BRIEF DESCRIPTION OF THE DRAWING
 The above and other objects, features, and advantages will become more readily apparent from the following description, reference being made to the accompanying drawing in which:
 FIG. 1 is a perspective view of a system according to this invention;
 FIG. 2 is a front view of another keepsake according to the invention; and
 FIG. 3 is a large-scale sectional view of a detail of FIG. 2.
 As seen in FIG. 1 a keepsake according to the invention is intended to celebrate, for instance a 2011 victory in Madison Square Garden by the New York Knickerbockers.
 The keepsake comprises a wooden support or base 10 forming a container with a clear-plastic cover 11. Fixed adjacent the cover 11 on the base 10 is a small basketball to provide a clear indication of what is being commemorated.
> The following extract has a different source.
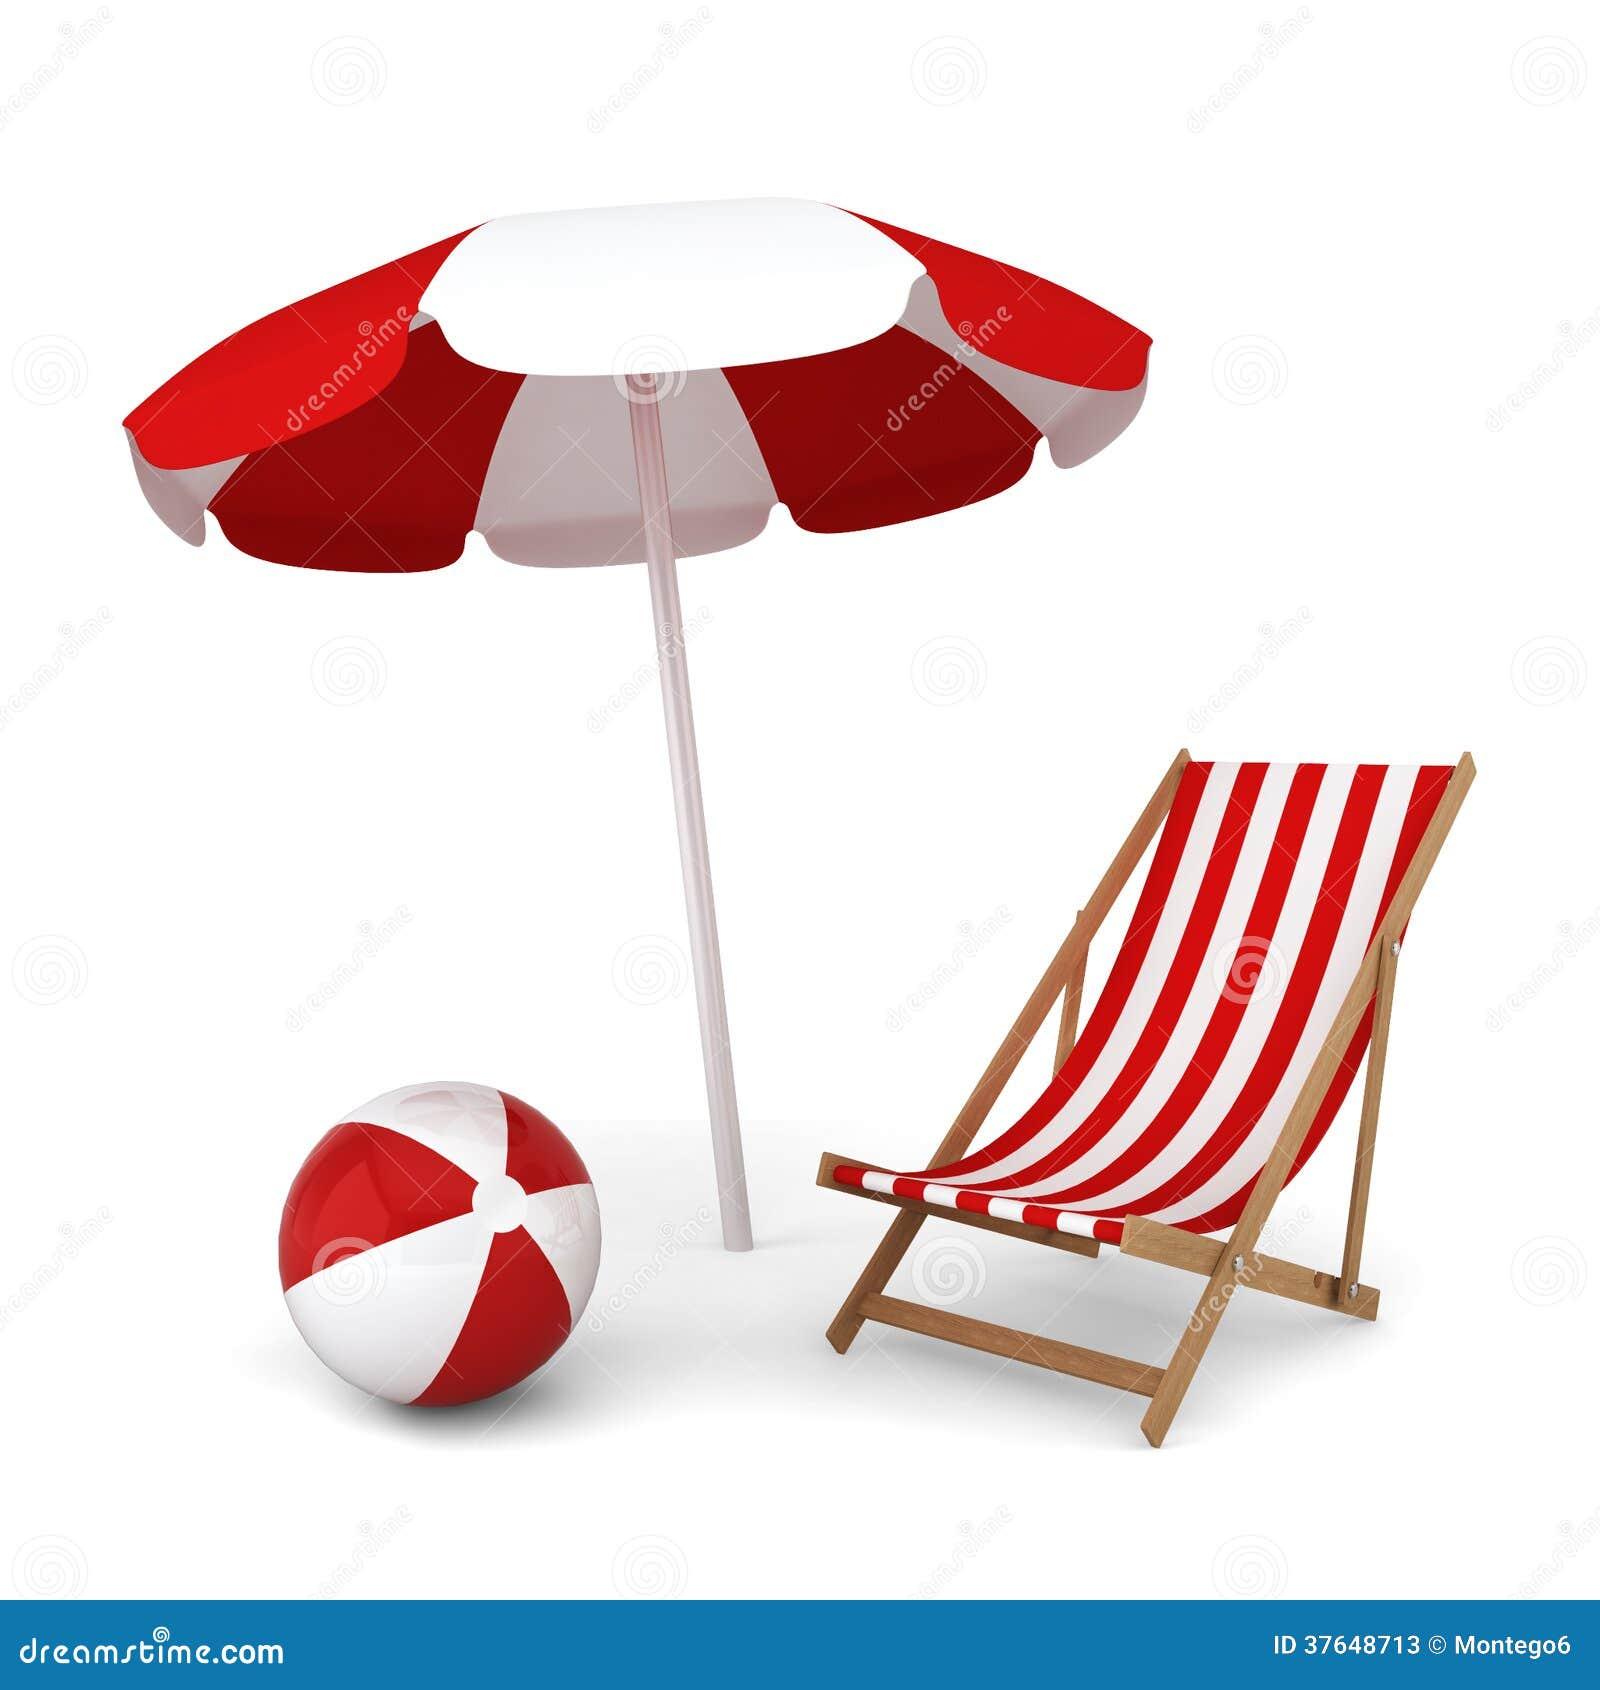 Beach chair with umbrella - Beach Umbrella Chair And Ball Stock Photos

Inside the cover 11 that holds air collected at the Knicks game in question is a miniature basketball court 14.
 This keepsake is made as described in the parent application by fitting the cover over the miniature 14 at the site where the event, here a particular basketball game being commemorated, took place. Once the air is trapped under the cover 11, it is sealed to the base 10 and any seam is made hermetic.
 FIG. 2 shows another keepsake according to the invention, in this case an item, here a miniature baseball 15, hung from a lanyard 16 and carrying indicia 17 indicating the provenance of the air inside the baseball 15. Instead of a baseball 15, this could be, for instance, a medallion bearing a state seal, the Olympic logo, the presidential seal, or another sporting item such as a miniature soccer ball or hockey puck.
 The embodiment of FIG. 2 is a self-serve item and is provided to the user, either at the event being memorialized or beforehand, with its interior 18 (FIG. 3) largely evacuated, that is under substantial subatmospheric pressure. A small nipple 19 on the baseball 15 is covered by a cap 20 that the user can remove at the event so that the ambient air there is sucked into the baseball 15 by the pressure differential, whereupon replacing the cap 20 captures this air inside the ball 15.
 It would also of course be possible for the keepsakes according to the invention to be filled at the event by the person selling them. In this case all the seller would need would be a small compressor that would take in the ambient air and force it under pressure into the keepsake so that it flushes out any air therein and replaces it with air from the event.
 Thus the owner of the keepsake has in fact something that actually was at the event, the very air that the players and fans breathed and in which the game was played.